If a player is willing to channel childhood-couch-co-op memories of harassing friends instead of getting frustrated, then Most Wanted will pay for itself in the first hour. If you’re looking for competitive simulation, though, then Criterion’s philosophy will render large portions of the multiplayer unplayable. It’s a risky decision for Criterion, and while it seems well worth it, it won’t be for everyone.
The extensive system of upgrades and customization offer a wide variety of driving improvements, which also shine in the game’s multiplayer. The potential to hone a particular car offers enough motivation to keep the singleplayer interesting, but as was the case with Burnout Paradise, the open world environment and slimmed down mechanics show everything the game has to offer quite quickly. And therein lie the largest issues with Most Wanted. Perhaps instead of ‘issues,’ the term ‘limits’ is more accurate.
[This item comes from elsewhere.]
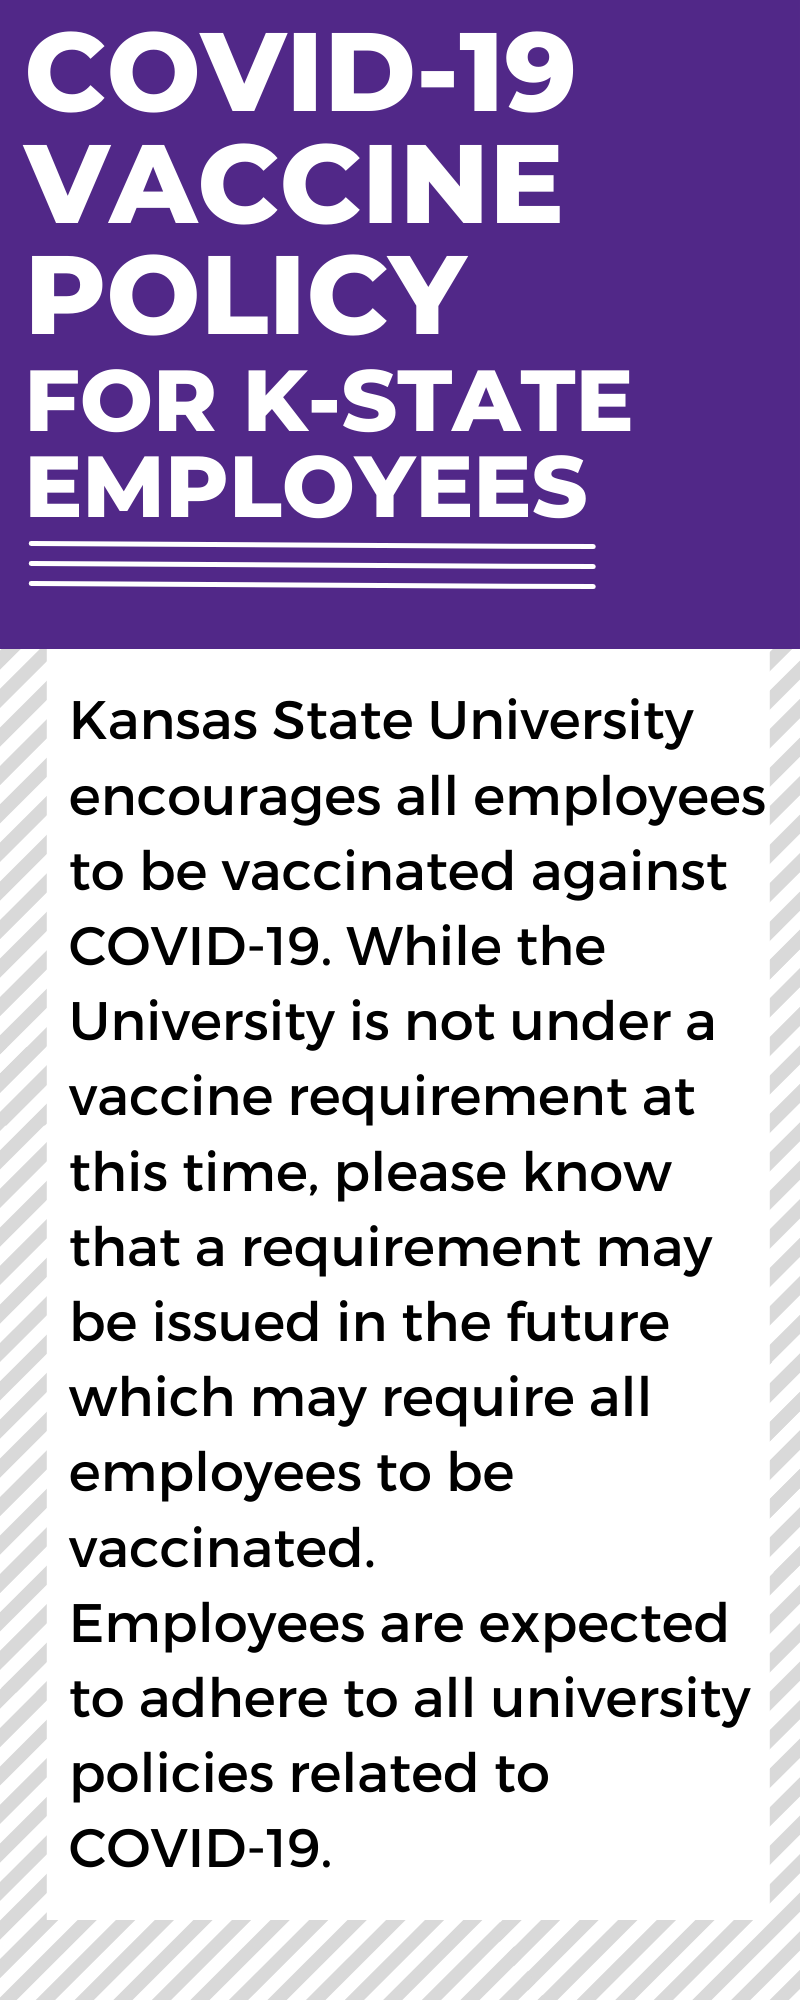 COVID-19 Vaccine Policy for K-State Employees: Kansas State University encourages all employees to be vaccinated against COVID-19.  While the University is not under a vaccine requirement at this time, please know that a requirement may be issued in the future which may require all employees to be vaccinated.  Employees are expected to adhere to all university policies related to COVID-19.

Aside from the new take on multiplayer, a majority of the mechanics that define the overall experience aren’t new or original in any way. That’s not necessarily Criterion’s fault, since past games have proven just how large a market there is for arcade-style racers. And those are the same gamers that will fall in love with Most Wanted. As the upgraded, expanded and brilliantly-crafted online version of Burnout Paradise, it will be a dream come true for fans of Criterion, but little else for those who aren’t.
It’s safe to say that fans of highly simulated, singleplayer racing experiences won’t find enough to like about NFS Most Wanted to make it stand up against racers specifically tailored to those needs (Forza Horizon, for instance). But for those who still remember the thrills and countless hours of open-ended driving in Paradise, there’s no two ways about it: Most Wanted is better in every way.
Need For Speed: Most Wanted is available now for the Xbox 360, PS3, PC, Vita, iOS and Android. Game Rant played the Xbox 360 version for review.